Iter8 approaches continuous experimentation (canary release, A/B and A/B/n rollouts) as an online iterative decision making problem. At the start of every iteration of an experiment, iter8 computes assessments for each version based on all currently available observations, uses these assessments to rank the versions, and decides how best to control the split of traffic between them using its traffic control strategy.

An in-depth description of the ML foundations of iter8’s algorithms is available in this USENIX HotCloud’20 paper. Below, we present the essentials of iter8’s version assessments and traffic control strategies.

Iter8 uses an online Bayesian learning approach for continually assessing how each version is performing with respect to each metric and relative to each other, based on the all data observed until the current point in time. Iter8 surfaces a variety of useful insights based on this Bayesian assessment during the course of the experiment and after its termination. They include probability of a version being the winner, the probability of a version improving over the baseline with respect to a given metric, the probability of a version being the best version with respect to a given metric, the range of values that a version is likely to take on for a given metric (credible interval).

Iter8 provides three distinct traffic control strategies, namely, `progressive`

, `top_2`

, and `uniform`

, with `progressive`

being the default and recommended strategy for common scenarios. All three strategies are built on a statistically robust machine learning (ML) foundation that employs Bayesian estimation for assessing versions and a multi-armed bandit algorithm for deciding traffic splits. The three strategies are described in the following table.

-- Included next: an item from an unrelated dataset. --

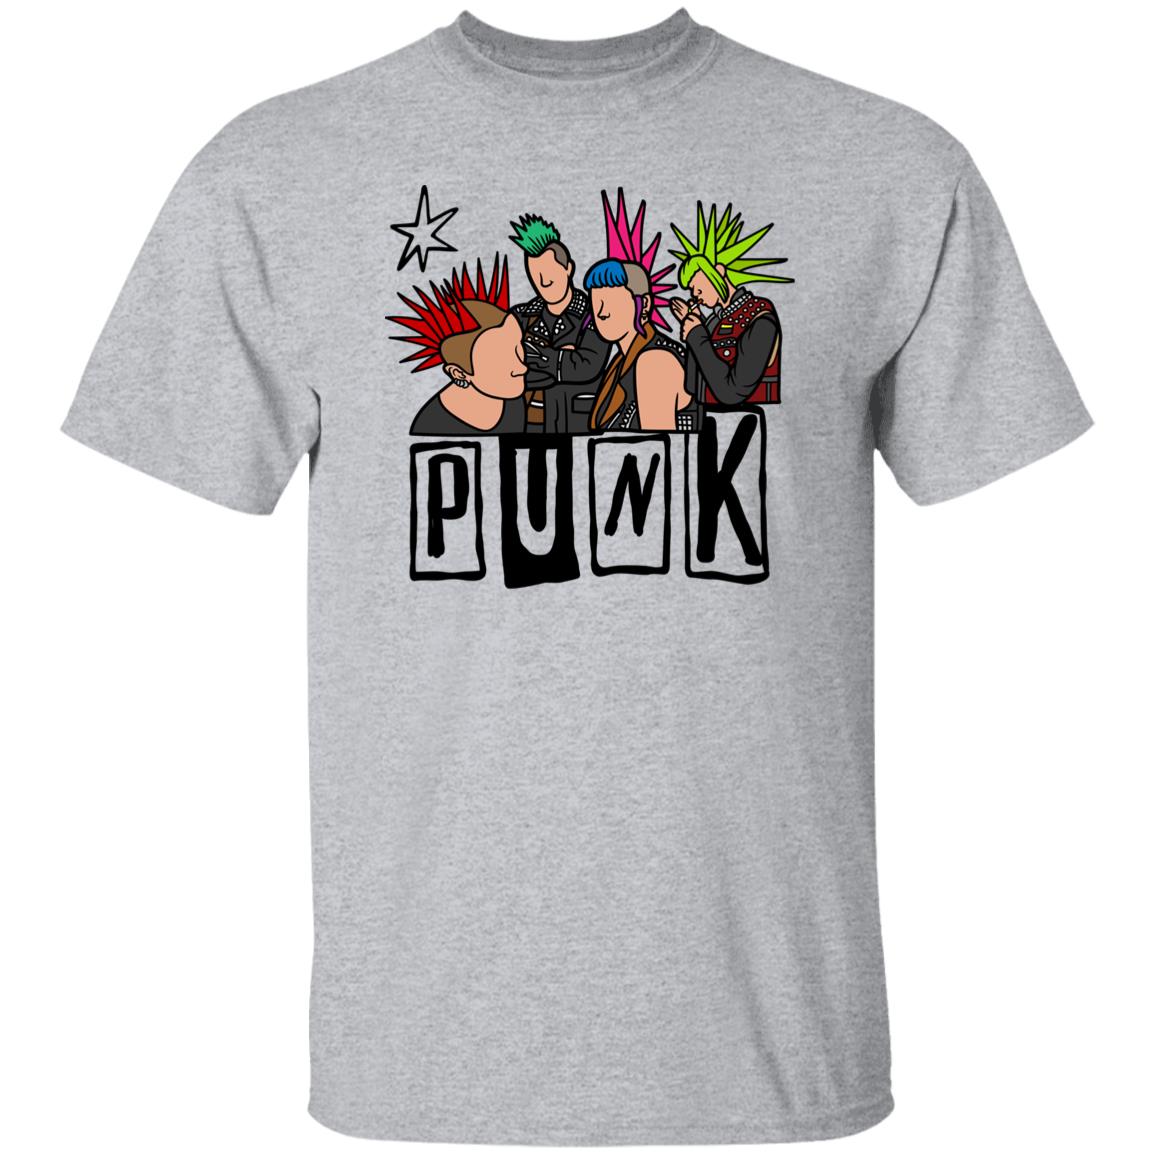 Punk Rock Graphic Tshirt--Unique Shirt for Rebels

Strategy | Description | When to use |
---|---|---|

progressive |
Progressively shift all traffic to the winner. | This is the default strategy. Use this when you doing canary releases or A/B or A/B/n rollouts and your goal is safely and reliably shift all traffic to the winning version. |

top_2 |
Converge towards a 50-50 traffic split between the best two versions | This strategy helps find the winning version in fewer iterations compared to `progressive` . Use this if your goal is not progressive traffic shifting but quick winner identification. |

uniform |
Converge towards a uniform traffic split across all versions. | Use this strategy when your goal is to maximize what you learn about each version in the experiment. In particular, this strategy is useful if you want sharper credible intervals for each metric for each version of the experiment. |